Helping her sit, I pull out a chair next to her and clasp one of her hands in my own. “I am so sorry about last week.” I kiss her knuckles when she sucks in a sharp breath. “Carla and I were over years ago. I don’t understand why she keeps coming back, but I think she’s gone for good this time after I exploded on her.”

Hope chews on her lip for a minute before saying, “Okay.”

I can see in her eyes she’s battling something substantial, and I’m not sure how to get her to tell me what’s on her mind. “It doesn’t have to be okay, Hope. You can be mad. Hell, be pissed. But don’t appease me.”

Her mouth opens and closes a couple of times before her thoughts form, and she speaks. “I’m not. After some time, I figured that what I saw might not have been what was happening.”

“You did?” Now I’m confused.

She nods. “I’m always missing something. Not understanding what I see, even when it’s obvious for everyone around me.” Pulling her hand back, she drops them both in her lap. “I have alexithymia.”

“What’s that?” I ask before she can explain further.

“I was born with it. Doctors said I have some wires crossed in my brain, which, in turn, makes it extremely difficult for me to identify emotions. In others and in myself. And retaining relationships, even friendships, is nearly impossible because I’m always misreading emotional cues.”

And now everything makes sense. I suspected it was something like that, but I had no idea there was a medical explanation.

“I require a lot of reassurance, Reed. I don’t mean to, and I don’t like it, but I’ve had so many people tell me one thing only for them to mean the opposite, and they expect me to understand where the truth lay. I’ve lost plenty of friends because I moved on from a problem unresolved too many times.”

“That sounds really lonely.” I can see the sadness in every line of her body. She may not be able to read emotions, but I can read her, and what I see is disturbing. “So you pulling away, even when you suspected you didn’t read the situation correctly, was you trying to understand what happened?”

“Yes and no.” She blows out a deep breath before answering. “I didn’t answer you because what I saw, what that woman did…my body ached. My chest felt like it was cramping. As if there were a vice slowly tightening, and I didn’t know how to make it stop. I didn’t know that what I was feeling was a broken heart.”

Brushing a hand down my face, I feel like shit. She was going through so much without even knowing how to identify what was happening. I should have pushed harder to see her.

“I’m sorry. So fucking sorry that I hurt you like that.” My voice cracks, and I lean forward, pressing my forehead to hers. “I swear, I’ll never hurt you again. Not ever.”

“I believe you.” She whispers the three sweetest words I never knew I needed to hear.

 

 

7

 

 

Hope

 

 

“How did it go?” Luca’s voice echoes in my car as I drive to the grocery store.
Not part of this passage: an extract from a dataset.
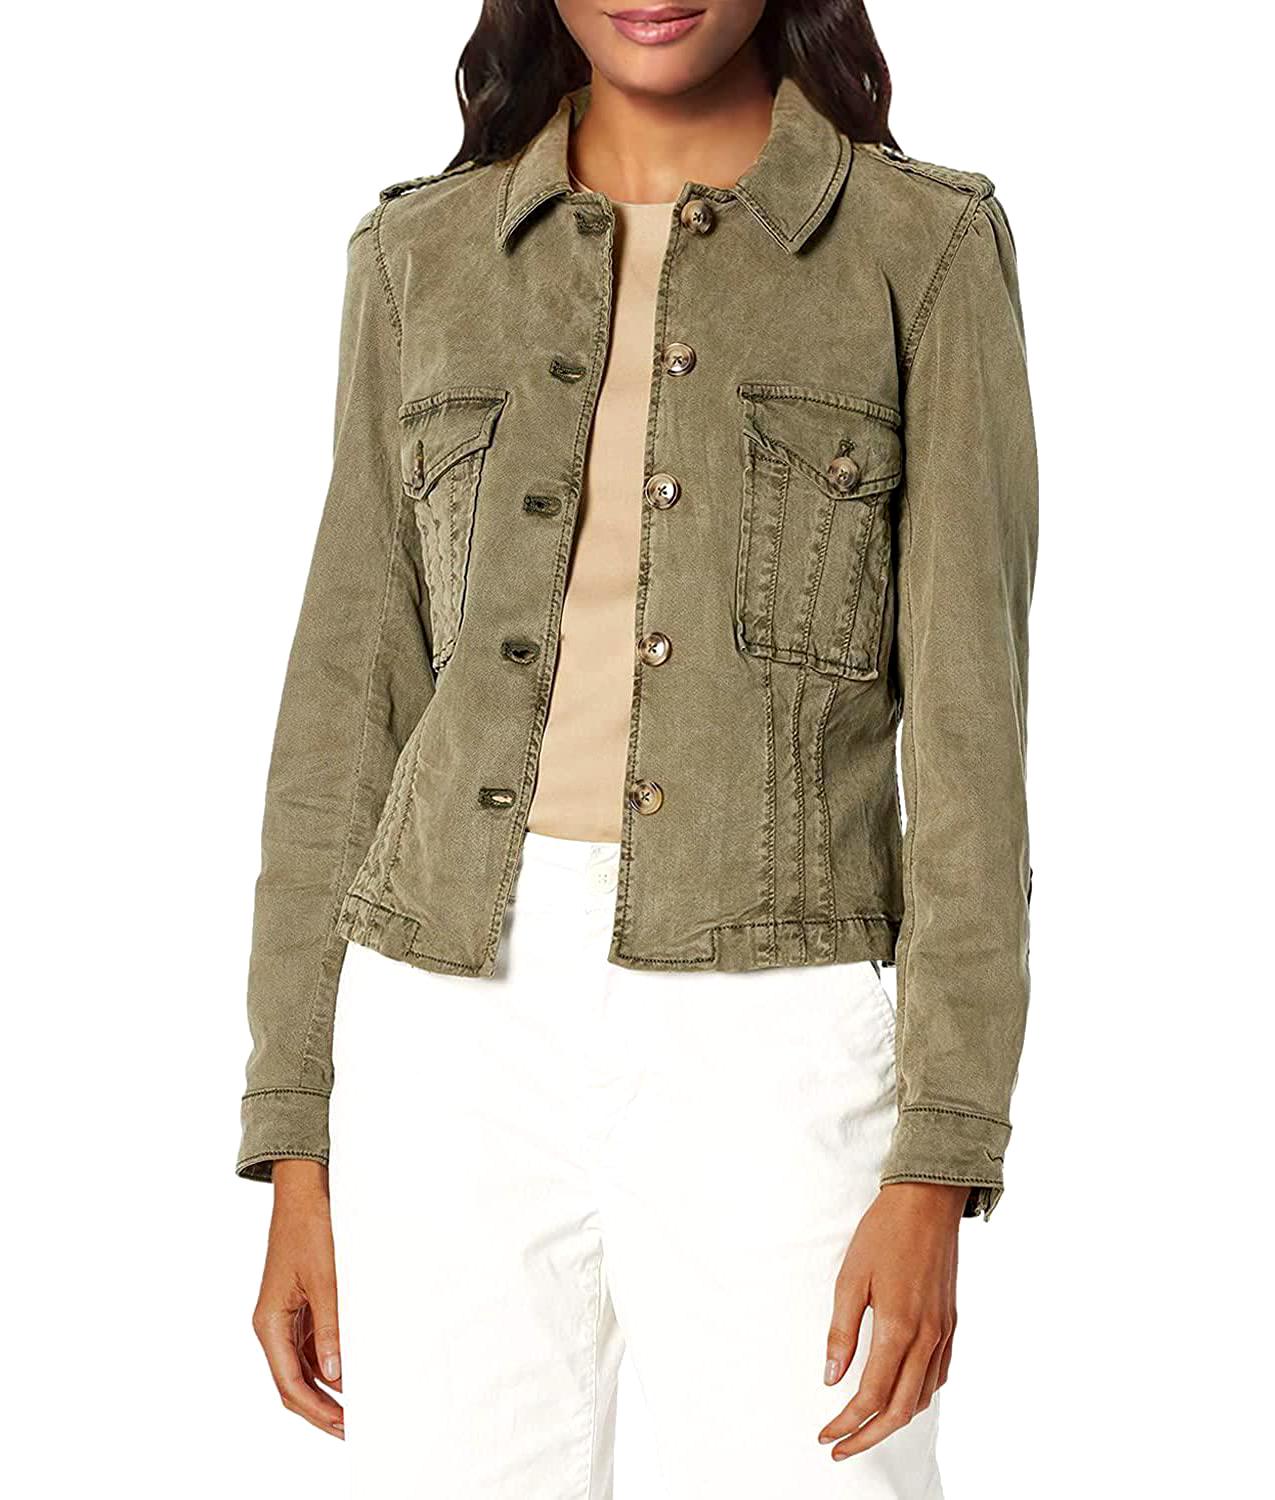 PAIGE Women's Pacey Jacket in Vintage Ivy Green

Lunch with Reed went far better than I imagined.

“It was good.”

“Did you tell him?” Luca has been on me all morning to explain my secrets to Reed, and he’s right. But I can only confess so much at once.

Sucking in a sharp breath, I prepare for him to give me heck. “I told him about the alexithymia.”

“But not the baby?” he growls.

“No, Luca. Not the baby. I didn’t want to do that in a public place. That’s not an easy thing to tell someone, you know.”